*** Opening DATA ***
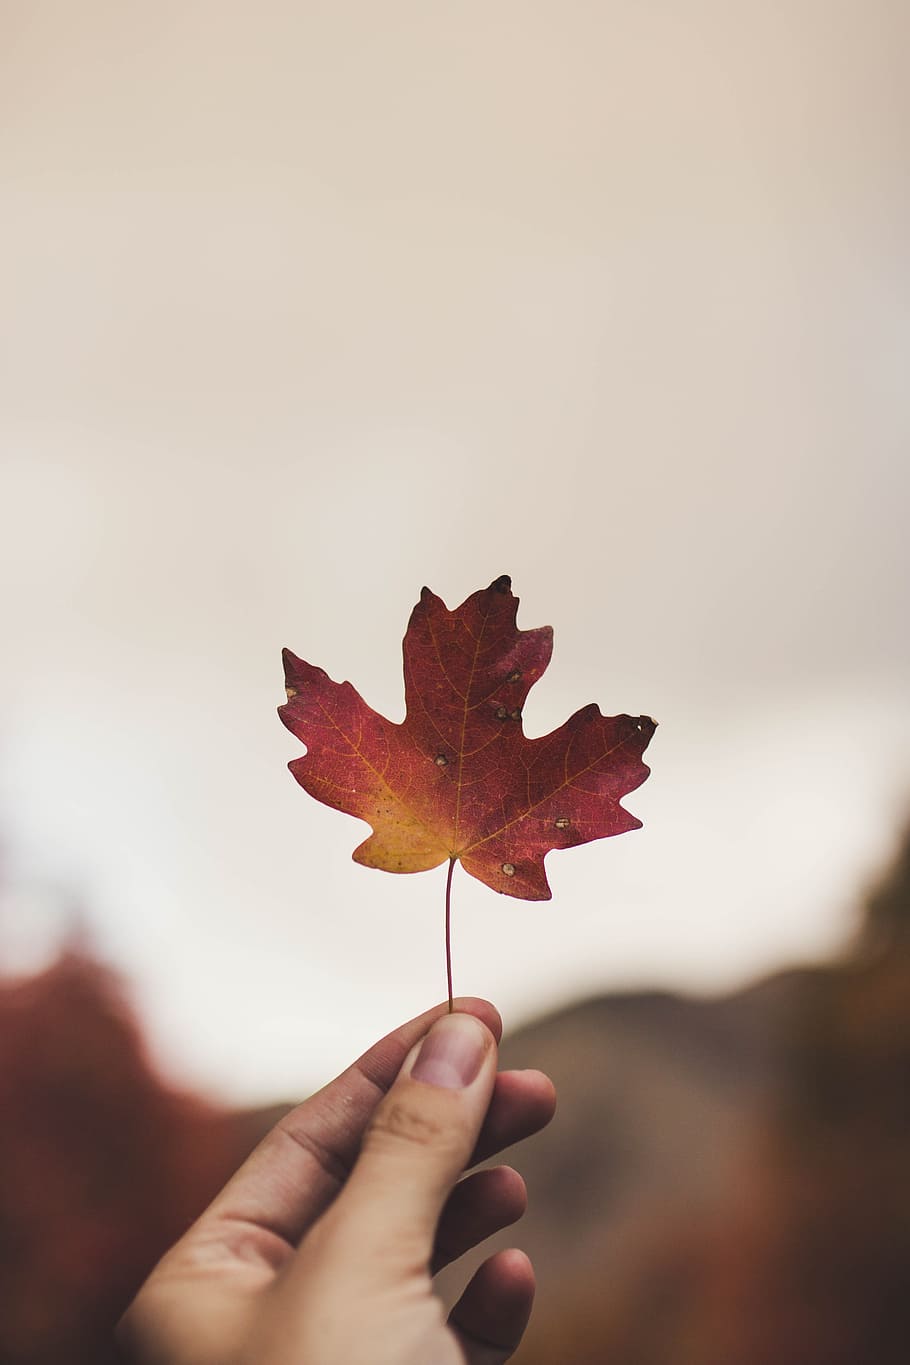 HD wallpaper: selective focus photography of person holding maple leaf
*** Closing DATA ***
*** Opening DATA ***
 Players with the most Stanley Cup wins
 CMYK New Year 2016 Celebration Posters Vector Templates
*** Closing DATA ***
**PROBLEM DESCRIPTION:** Give again exactly, and only, the lines above starting at the one with "Players with the most Stanley Cup wins" and ending at the one with "CMYK New Year".

**EXERCISE RESPONSE:**
 Players with the most Stanley Cup wins
 CMYK New Year 2016 Celebration Posters Vector Templates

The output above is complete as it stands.